On an Intel Xeon server CPU, the process took 15 milliseconds. Heracles did it in 14 microseconds. While that difference isn’t something a single human would notice, verifying 100 million voter ballots adds up to more than 17 days of CPU work versus a mere 23 minutes on Heracles.
Looking back on the five-year journey to bring the Heracles chip to life, Ro Cammarota, who led the project at Intel until last December and is now at University of California Irvine, says “we have proven and delivered everything that we promised.”
FHE is fundamentally a mathematical transformation, sort of like the Fourier transform. It encrypts data using a quantum-computer-proof algorithm, but, crucially, uses corollaries to the mathematical operations usually used on unencrypted data. These corollaries achieve the same ends on the encrypted data.

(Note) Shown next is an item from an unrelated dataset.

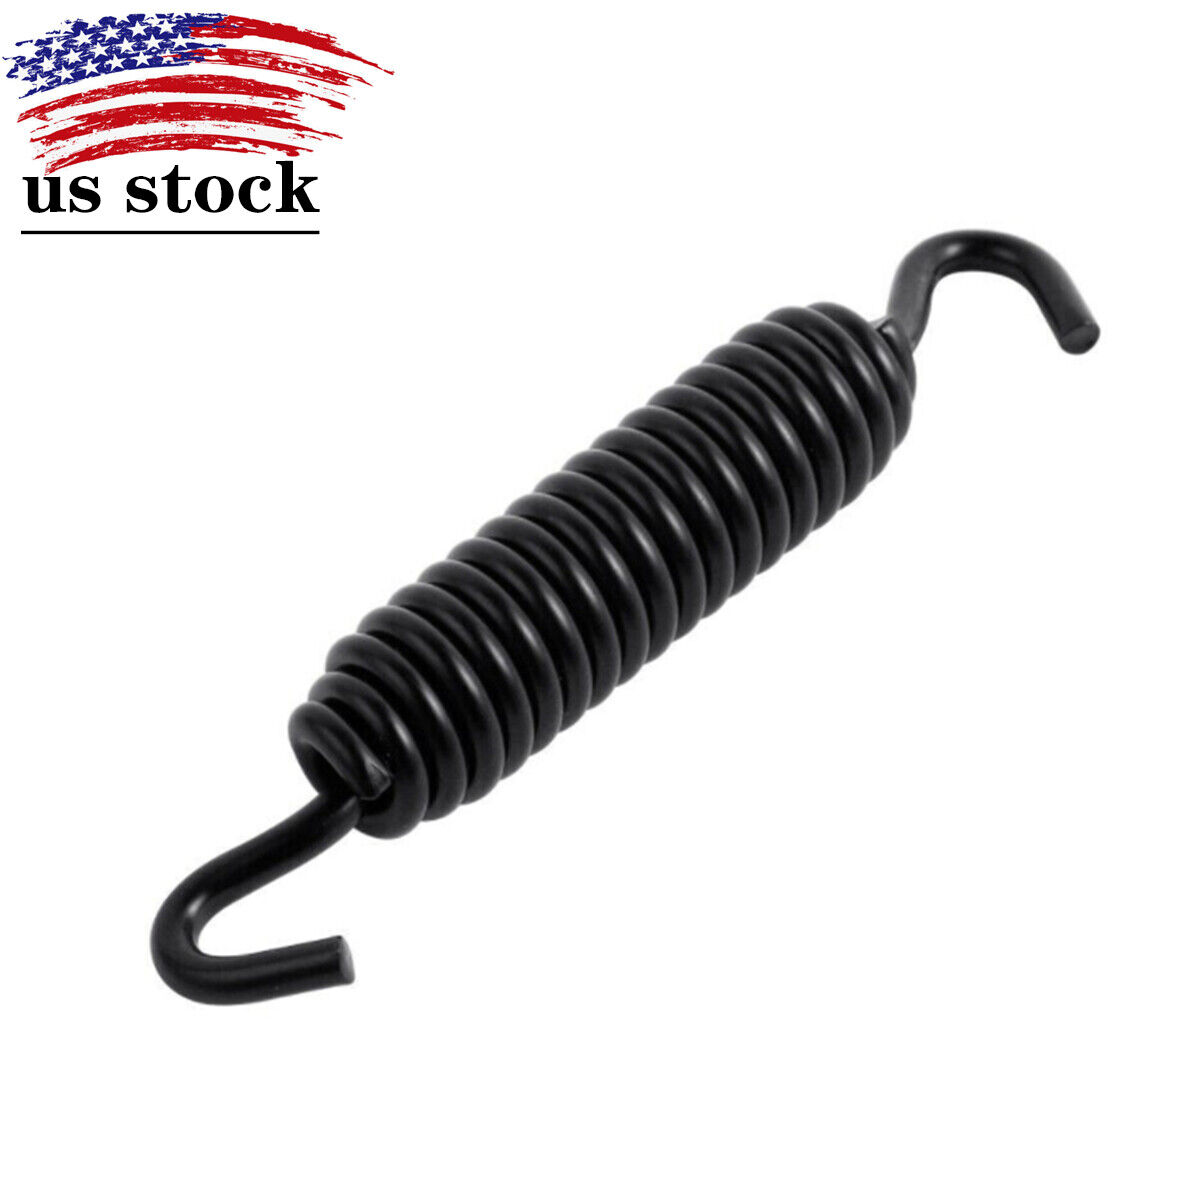 Motorcycle Kickstand Spring Black For Harley Sportster 883 1200 Softail Touring

One of the main things holding such secure computing back is the explosion in the size of the data once it’s encrypted for FHE, Anupam Golder, a research scientist at Intel’s circuits research lab, told engineers at ISSCC. “Usually, the size of cipher text is the same as the size of plain text, but for FHE it’s orders of magnitude larger,” he said.
While the sheer volume is a big problem, the kinds of computing you need to do with that data is also an issue. FHE is all about very large numbers that must be computed with precision. While a CPU can do that, it’s very slow going—integer addition and multiplication take about 10,000 more clock cycles in FHE. Worse still, CPUs aren’t built to do such computing in parallel. Although GPUs excel at parallel operations, precision is not their strong suit. (In fact, from generation to generation, GPU designers have devoted more and more of the chip’s resources to computing less and less-precise numbers.)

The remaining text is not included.